On Wednesday, 15 August 2012 at 05:10:02 UTC, Jonathan M Davis
wrote:
On Wednesday, August 15, 2012 07:02:25 Simen Kjaeraas wrote:
On Tue, 14 Aug 2012 22:32:58 +0200, Andrei Alexandrescu
<[email protected]> wrote:
> On 8/14/12 3:25 PM, bearophile wrote:
>> D2 doesn't give you that restriction, and when an union
>> goes out of
>
>> scope it calls the destructors of all its fields:
> That's pretty surprising. "Major bug" doesn't begin to
> describe it.
>
> Unions should call no constructors and no destructors.
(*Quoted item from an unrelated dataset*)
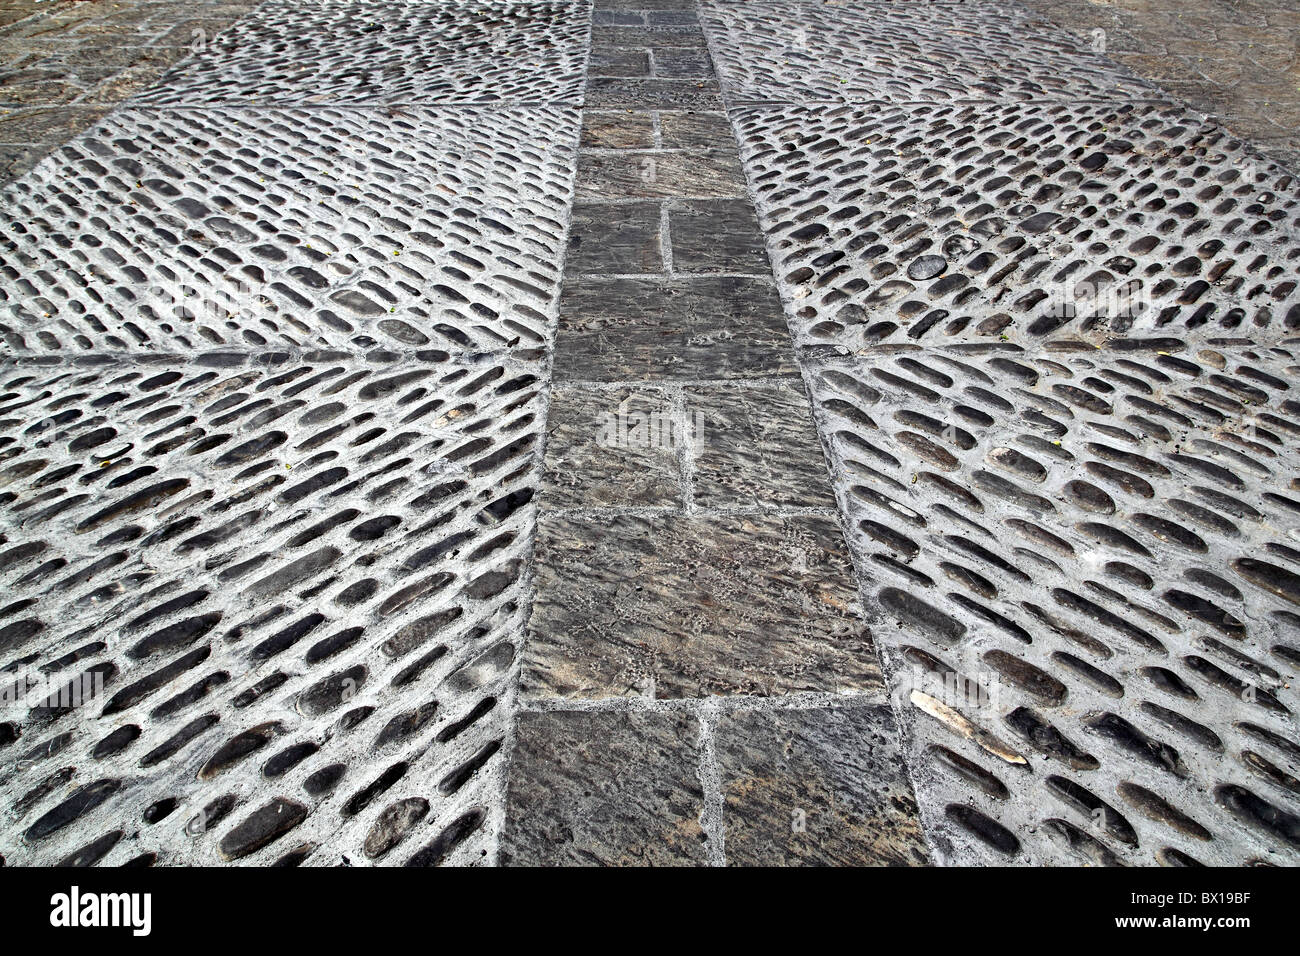 Mosaïque des rolling stones en marbre du sol médiéval Espagne Aragon Banque D'Images
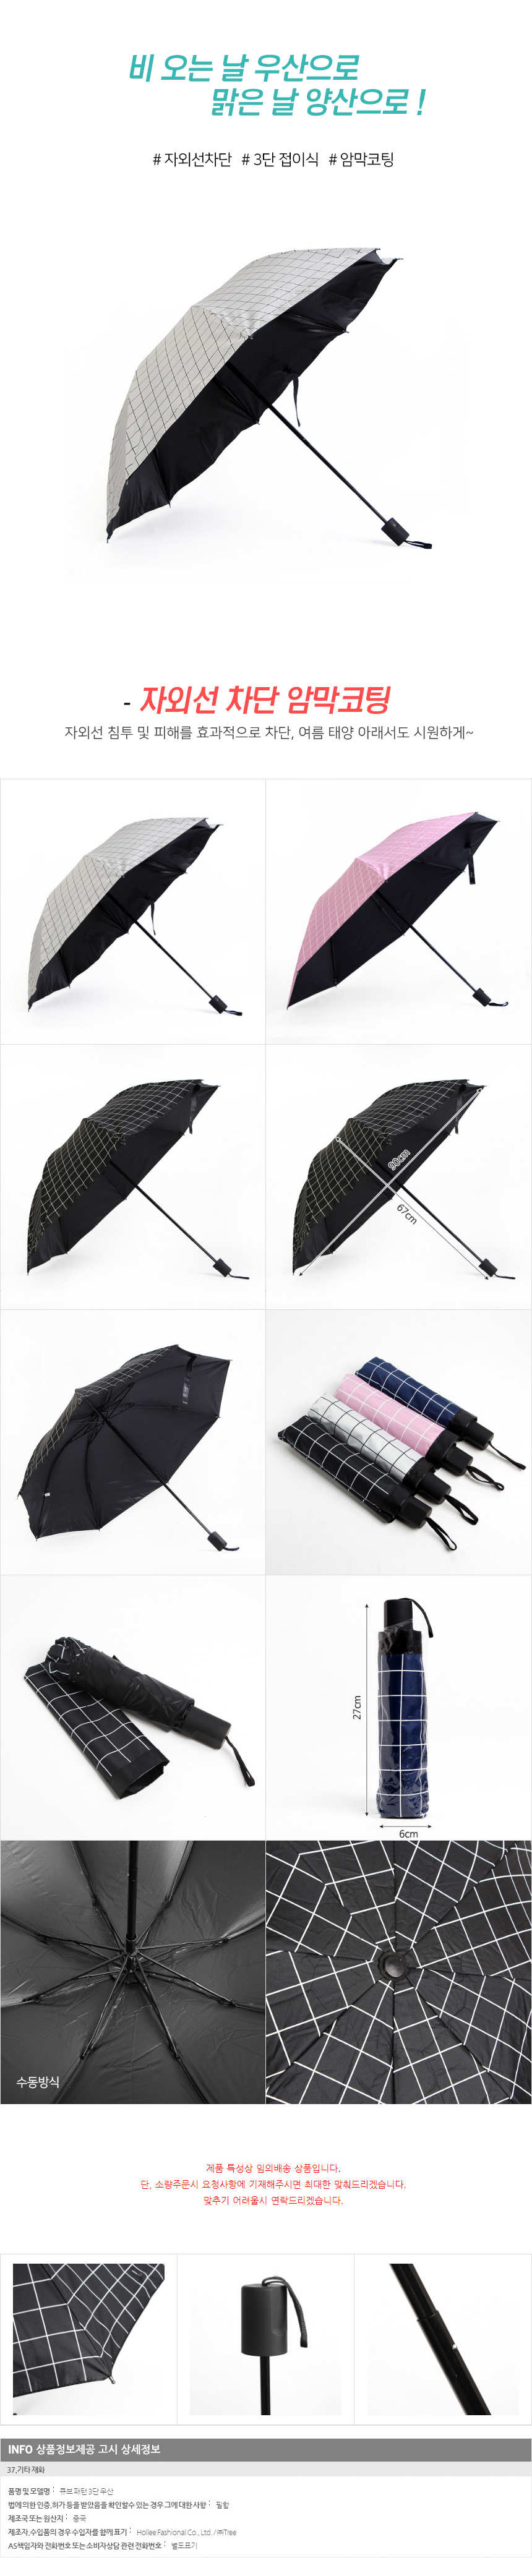 큐브 패턴 양산겸용 3단 우산/자외선차단 수동우산

That means the default case is unsafe. Should it also be an
error
(or at least a warning) for a union containing types with
destructors
or complex constructors not to have a defined
constructor/destructor?
I wouldn't expect unions to be considered @safe in the first
place. You're
potentially reintrepreting one type as another with them. And I
would expect
that anything in them is in the same boat that anything
initialized to void
is. e.g.
Type var = void;
- Jonathan M Davis
I second this.
That is actually one of the reasons why most languages with GC,
ban pointer
uses to unsafe sections, otherwise the GC would be very
restricted in the ways it could work.
Same thing about unions, as you wouldn't know which
pointer/reference is the active one without some kind of tagging.